“You can’t just stop. You can’t just one day break the relationship without any notice. It’s not fair to me.” My friend admonished me.
“I look up to you. You live like no other. You must know that. I need people like you in my life…” she continued.
What? You do? And you see me that way? I did not know I had any influence on her whatsoever. I did not think I made any difference, impact, on her and her life.
She was specifically referring to this. My blogs. My daily and weekly snippets of encouragement and inspirational concepts I had been publishing from my website and sending to a list of subscribers. No, I did not notify my audience of this break, it sort of happened unexpectedly and organically, and my plan was to let it return in the same way. My friend was disappointed about it and called me out on it.
There are a variety of reasons I removed myself from my writings, one of which I will address momentarily. Her hurt and honesty as she called me out, immediately erased all of them. I had been sending my messages out to the Universe every week, praying that the people that needed them, would find them. In my free time, I would continue to make efforts to create more visibility, for I believe many are walking around wounded, as I had for many years, and needed encouragement that life could be better. I received stats on how many of my subscribers actually opened up my link. The numbers were low. I had worked really hard to attain the small audience I had, and I am cognizant of the consistency and perseverance required to really make an impact in the social media world. With my full time job, I wondered if all the effort I had made to get this far was worth it. Should I continue?
The part that really hit my heart, hard, is that this friend is struggling with an addiction. She really did need my encouragements, everyday. The Divine had brought people to my site to read my thoughts, and she was one of them. I totally let her down, and possibly others. What makes this situation even more fascinating is that I thought I annoyed her. I thought my joyous attitude and perspective on life bugged the heck out of her. I could not have been further from the truth as our conversation continued to unfold.
I am struck with how impactful we can be, without even knowing it. What beauty we can create, just by being, living, in a loving way. She asked me what I am passionate about. She did not realize I spent most of my life in self-loathing and with suicide never too far from my thoughts. The person she knows now is far from that sad girl.

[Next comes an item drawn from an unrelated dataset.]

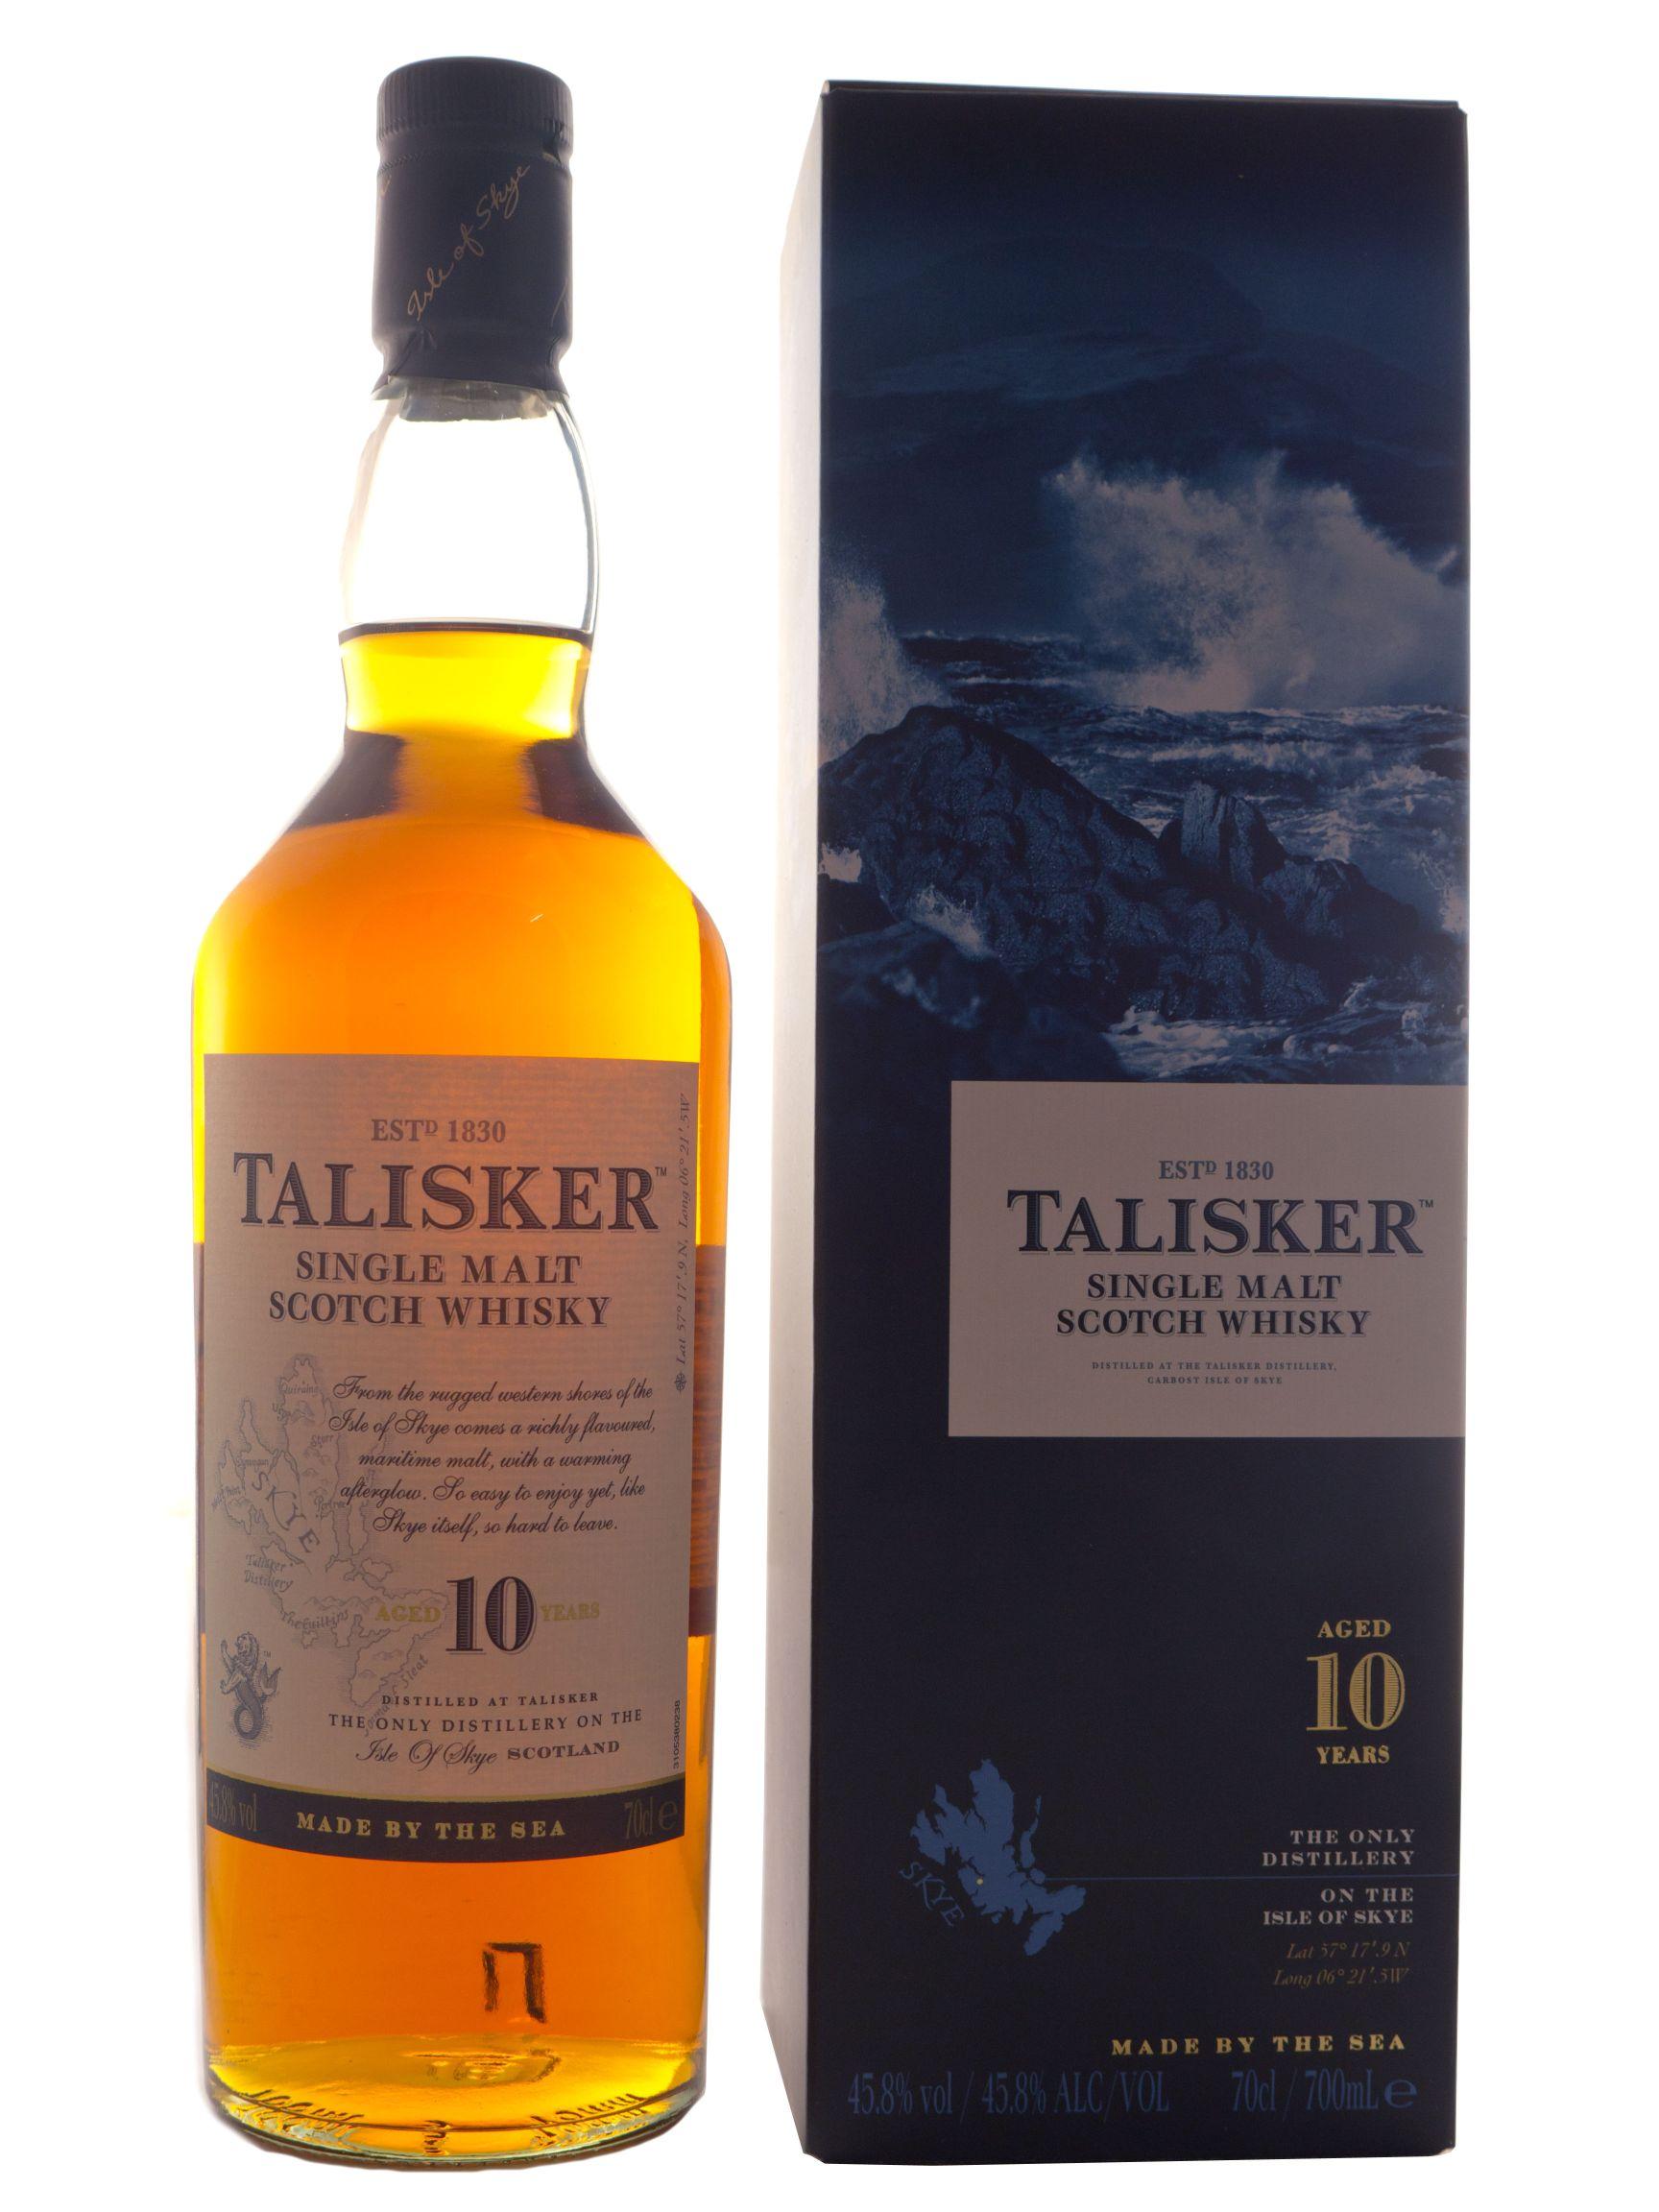 talisker 10 jahre single malt scotch whisky kaufen ab 30 99 eur im single malt scotch whisky. Black Bedroom Furniture Sets. Home Design Ideas

When I shared my story and how helping anyone move toward more self-love gives me great joy and purpose, she explained how rare I am.
Whether I am rare or not, my friend reminded me of the great power each of us has to be a gift, make an impact on one another, everyday, in many ways, whether we know it or not. She reminded me that looking at the statistics of how many people clicked on my emails did not matter. She mattered. One click is enough to keep me writing, keep me caring.
You never know who you may be impacting. You are impacting your world. Everyday. Every person, seen or unseen. A word, thought, smile, prayer, hug, may just stop someone from taking another drink, maybe even their life.
It’s time to be intentional about our lives.
Embrace this: “I impact this world. I impact it with Love, in its infinite forms, today!”
Sunshine and Smiles,
KimmiSue (the endearing way my family refers to me)
Release to Unleash
If you embrace the fact that you impact this world, how will that change how you live?